Members of the International Commission of Inquiry are scheduled to travel Wednesday to Darfur, where for 10 days they will interview local residents, government officials, rebels, and others about events taking place in the troubled region.
The spokesman for the U.N. Advanced Mission in Sudan, George Somerwill, said the team will try to determine whether the violence in the war-torn area constitutes genocide, and, if so, who exactly is responsible for that genocide.
Mr. Somerwill said the international community has been bombarded with confusing and sometimes contradictory reports about the causes and nature of the conflict, especially about whether or not there is an organized plan to attack people of a specific race.
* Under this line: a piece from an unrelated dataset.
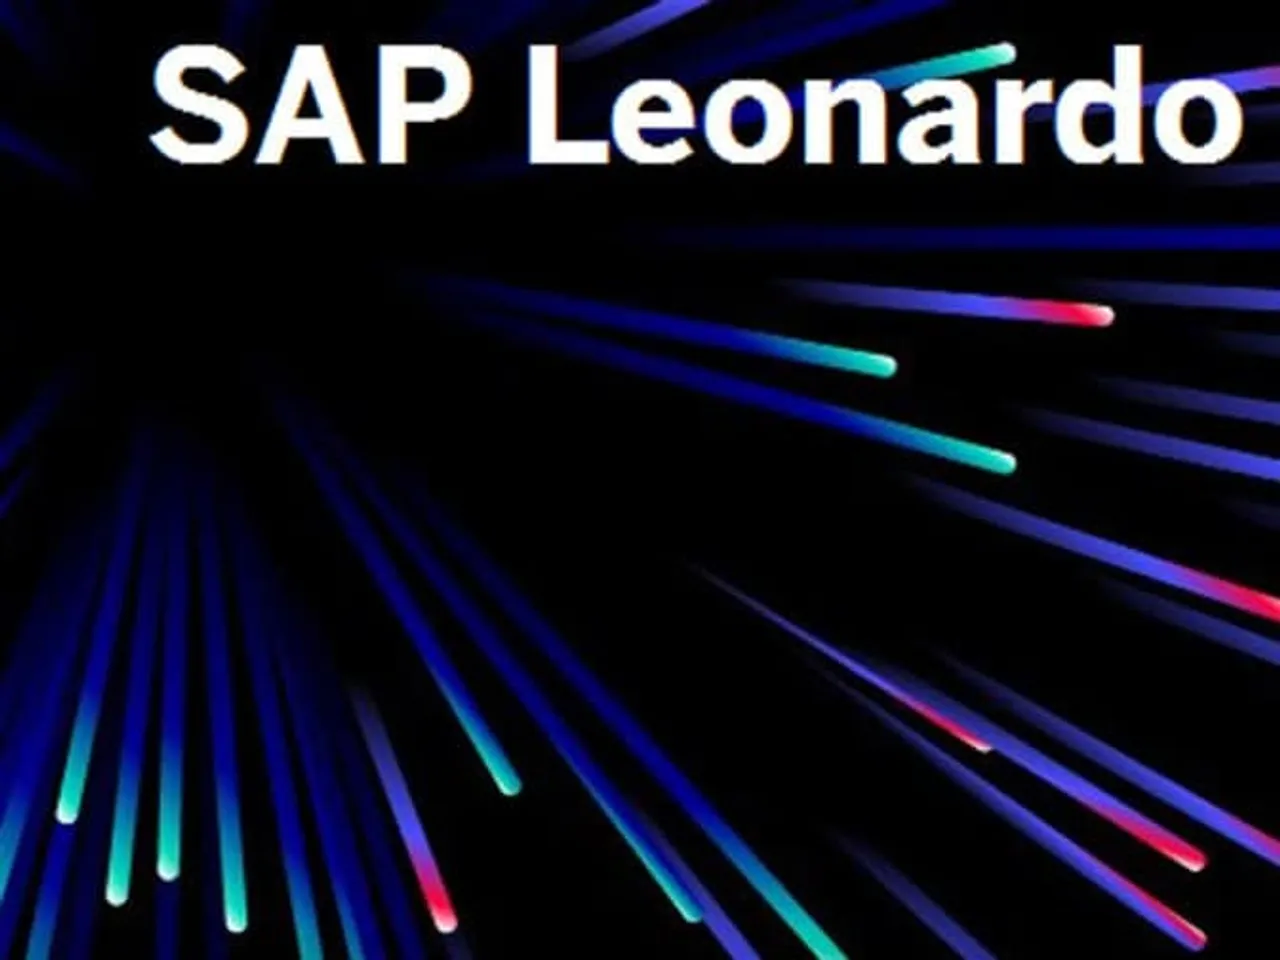 SAP Leonardo Center, Bangalore - Launched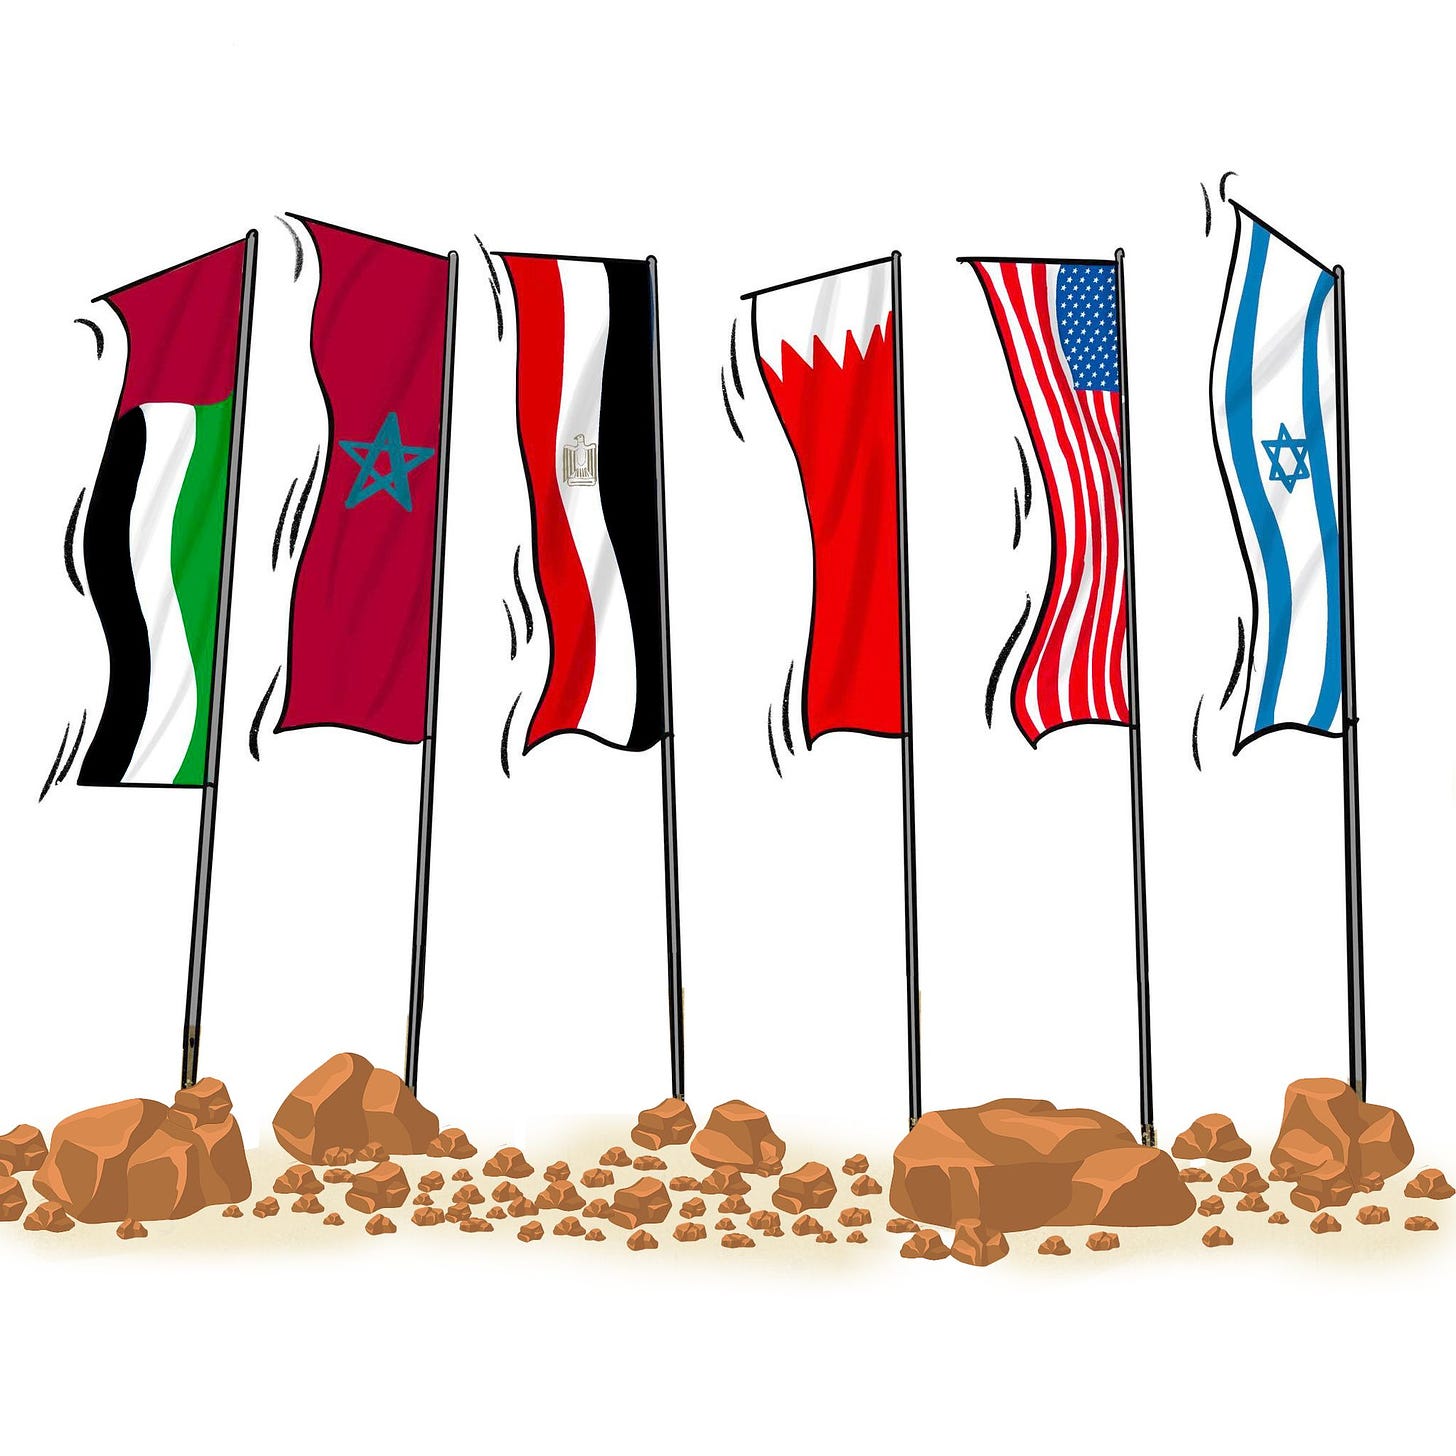 A New Diplomatic Era: 5 Days. 6 Countries. No Palestinians.

"Clearly, the international community through the United Nations is extremely perturbed by the reports which are coming out of Darfur," he said. "We have to determine if indeed these reports are true or even partially true. We then have to insist that there is accountability. That is not only accountability of the government of Sudan, but the accountability of other groups as well - rebel groups."
The team is expected to submit its report within three months to U.N. Secretary-General Kofi Annan. Mr. Somerwill did not specify what follow-up action would occur after that.
Last month, Mr. Annan appointed the team, led by Italian judge Antonio Cassese, to determine if genocide is taking place in Darfur. The U.N. Security Council had earlier requested such a mission.
The United States already labels the situation in Darfur as being a "genocide." The U.S. government has accused the Sudanese government of supporting a militia known as janjaweed, which according to many reports is an Arab group bent on attacking so-called "black African" populations.
Sudan's Minister of Humanitarian Affairs Ibrahim Mahmoud Hamid said the U.N. team is welcome to come to Darfur.
"We have nothing to hide in Sudan," he said. "We have asked anyone from any country to come and to see by himself, and we are not worried about these things because we think that there is no genocide. These are people from one origin. Whether they are talking Arabs or whether they are not talking Arab, they are the same people."
Mr. Hamid said people are fighting primarily over access to land and other resources, which he said happens a lot in his country. He said the two rebel groups operating in the area have violated a ceasefire agreement signed earlier with the government.
The Darfur conflict, which broke out in early 2003, has claimed tens of thousands of lives and has displaced some 1.5 million people.